ColecoVision

On June 1, 1982, Coleco re-entered the fray with the announcement of its "third generation" video game system, ColecoVision. Touting "arcade quality", ColecoVision took aim at the seemingly unassailable Atari 2600. In August, Coleco introduces the ColecoVision for sale with twelve games, and a catalog showing ten more on the way (many of which were never released),. They sold over 550,000 systems by Christmas-time and the first one million ColecoVisions sold in record time. In 1983 it topped sales charts, beating out Atari and Mattel, with much of its success being contributed to its pack-in, Donkey Kong. The ColecoVision soon had more cartridges than any system except the Atari 2600, and with the 2600 converter still today has more playable games than any other system.

Coleco was the first home videogame maker to devote the majority of their product line to arcade conversions, using the superior graphics of the ColecoVision to produce nearly arcade-quality games, albeit often missing a screen or level. Unfortunately, the ColecoVision suffered the same fate as the rest in the great video game shake-out of 1984. Coleco's unsuccessful bug-ridden ADAM computer only complicated the problem. Coleco stopped production of the ColecoVision in 1984. Their last few titles were barely seen in stores. Soon after that, Telegames bought much of Coleco's stock and even produced a few titles of their own that didn't reach the shelves before the shake-out.

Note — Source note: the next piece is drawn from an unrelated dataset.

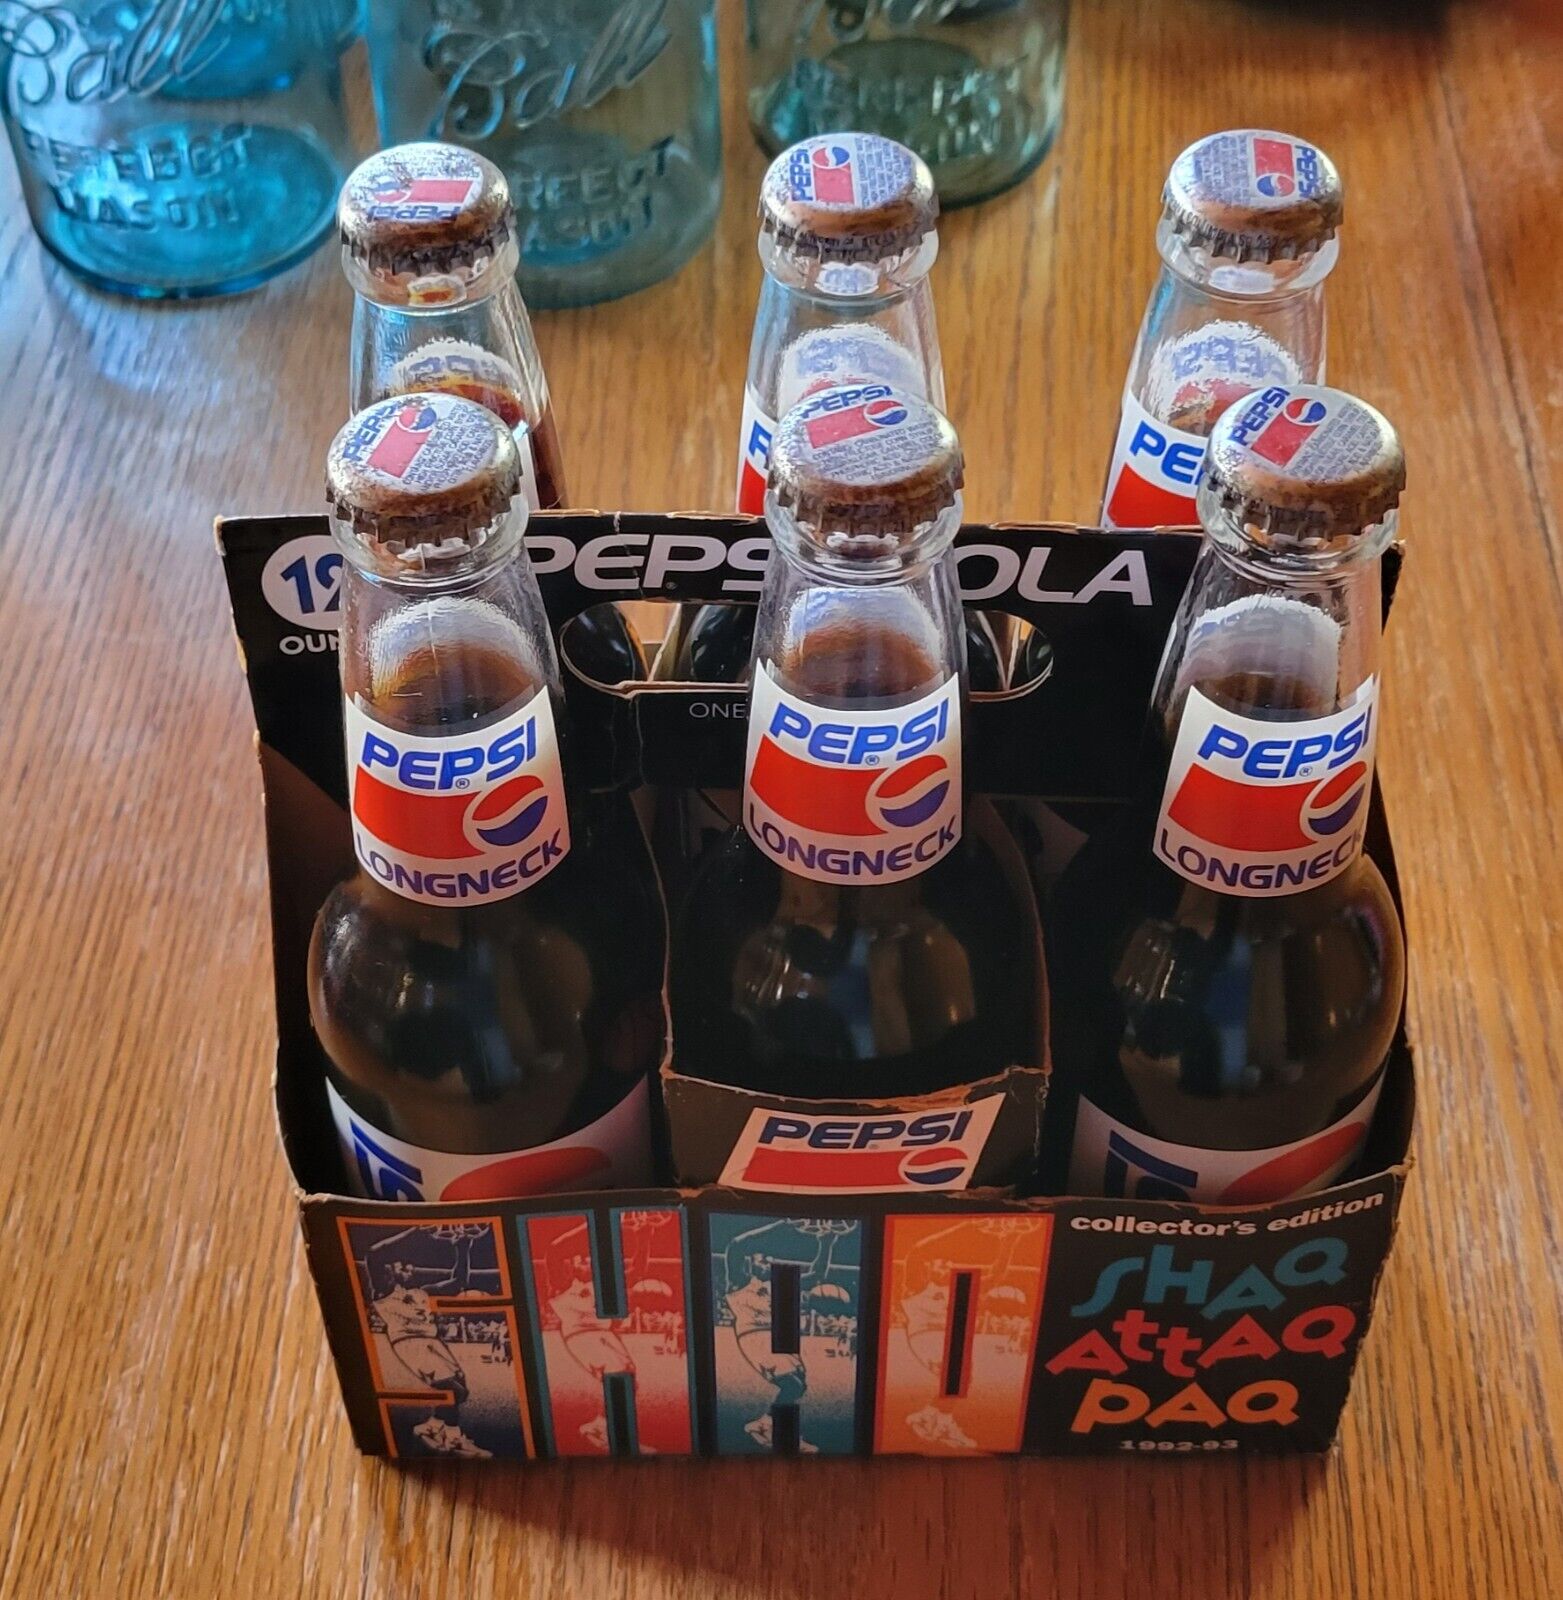 1992-93 Shaq Attaq Paq 6 Pack Pepsi Bottles w/ Carrier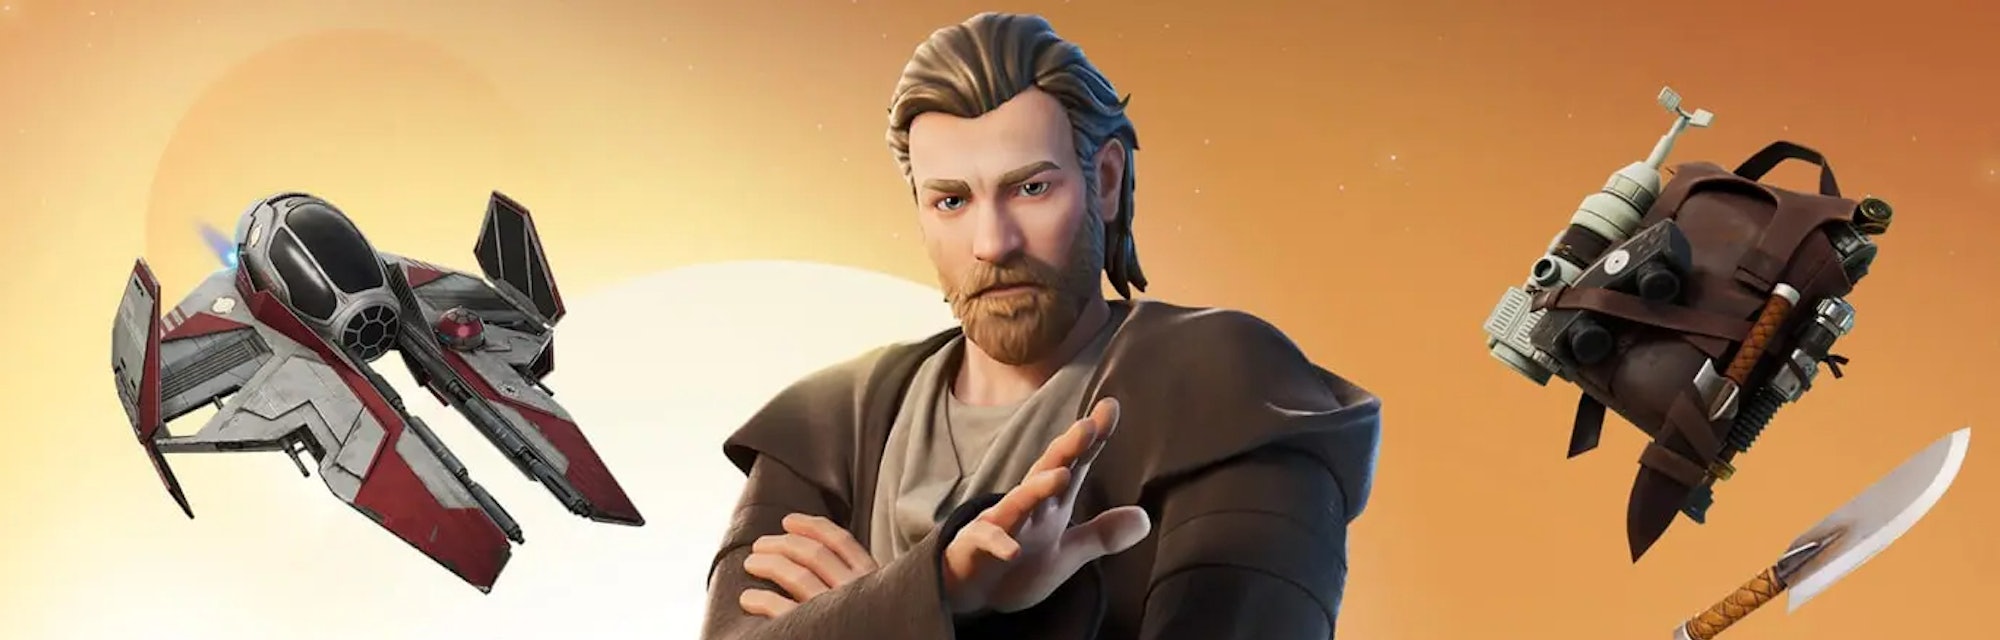 Fortnite Obi-Wan

When Coleco left the industry they had sold more than 6 million ColecoVisions in just two years, even with the last year being troubled by the shake-out. Many in the industry believe if it wasn't for the videogame crash of '84, that Coleco could have gone through the 80's as the system of choice, especially with its proposed Super Game Module. It was clearly beating Atari and Mattel, but just didn't have the installed base to last out the crash. The design of the controllers is similar to that of Mattel's Intellivision — the controller is rectangular and consists of a numeric keypad and a set of side buttons. In place of the circular control disc below the keypad, the Coleco controller has a short, 1.5-inch joystick. The keypad is designed to accept a thin plastic overlay that maps the keys for a particular game. Each ColecoVision console shipped with two controllers.

All first-party cartridges and most third-party software titles feature a twelve second pause before presenting the game select screen. This delay results from an intentional loop in the console's BIOS to enable on-screen display of the ColecoVision brand. Companies like Parker Brothers, Activision and Micro Fun bypassed this loop, which necessitated embedding portions of the BIOS outside the delay loop, further reducing storage available to actual game programming.